5. Wat nu? Vijf voorstellen
Sommige dingen kunnen snel geregeld en voor andere geldt dat je niet over één nacht ijs moet gaan. Dit is een complexe aangelegenheid en wat ontstaan is kun je niet zomaar ten goede doen keren. Daarom is bezinning vooraf cruciaal. Dan is het ook ‘Dijsselbloem-proof’. Derhalve deze vijf voorstellen.
- Ouders krijgen een plek in de Onderwijsraad, net zoals dat enige jaren terug met leraren is gebeurd. Dat is een no-regret optie die snel kan worden geregeld.
- Ouders treden toe tot de Raden van Toezicht van de schoolbesturen en vormen daarin ook een gekwalificeerde meerderheid. Ook dat kan per direct want die Raden werken met coöptatie.
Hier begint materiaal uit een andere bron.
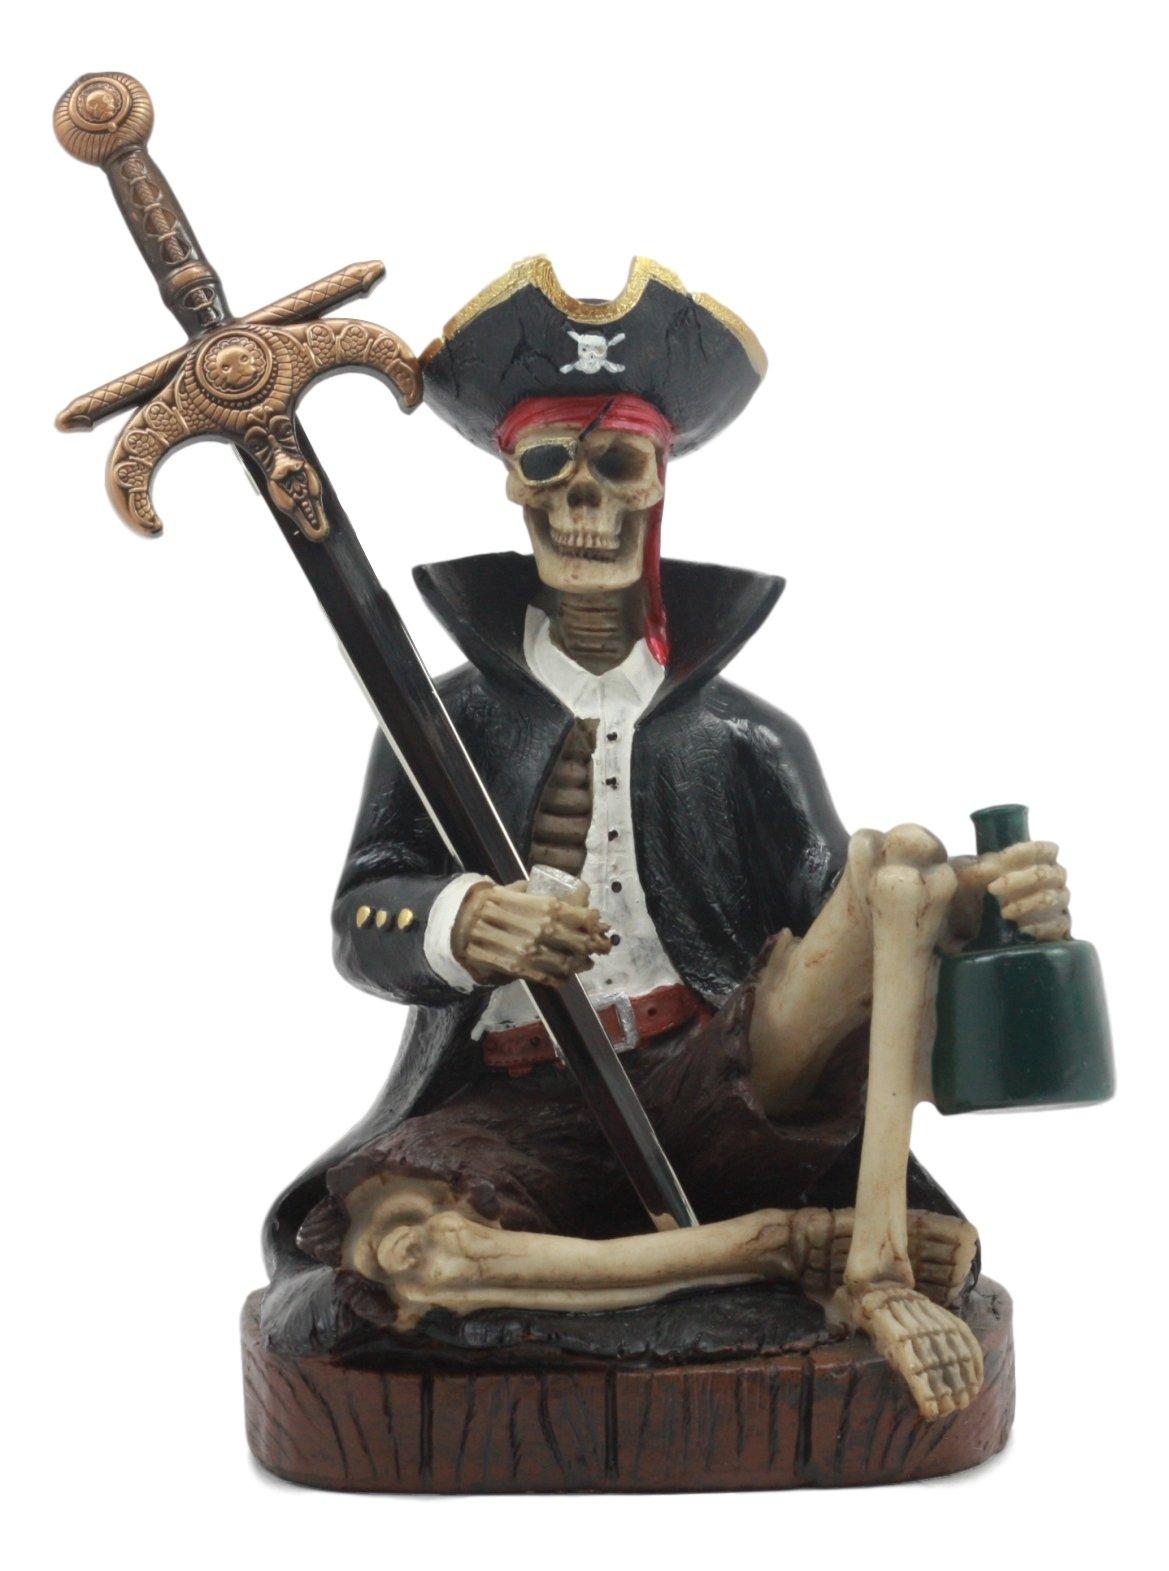 Ebros Rum Mail Pirate Captain Skeleton Letter Opener Statue Set with Dagger Knife Dead Man Tells No Tales Davy Jones Curse Office Desktop Accessory

- Een onderzoek met als hypothese: “De crisis in het onderwijs, gekenmerkt door prestatiedruk, burn-out, een gapend lerarentekort, afnemende kwaliteit en toenemende achterstanden is een rechtstreeks gevolg van het feit dat burgers niet meer het bestuur vormen van de school”. Dit onderzoek gaat op ‘Popperiaanse’ wijze op zoek naar verificatie en falsificatie van deze stelling en ware aan te besteden via de tweede geldstroom van het Nationaal Regieorgaan Onderwijs (NRO).
- Een scenario-studie waarin de volgende vraag centraal staat: “Wat zou er gebeuren als alle bijzondere schoolbesturen verenigingen worden en al het openbaar onderwijs weer rechtstreeks onder de gemeente valt”? Je zou dit bij de Argumentenfabriek neer kunnen leggen of bij de NSOB.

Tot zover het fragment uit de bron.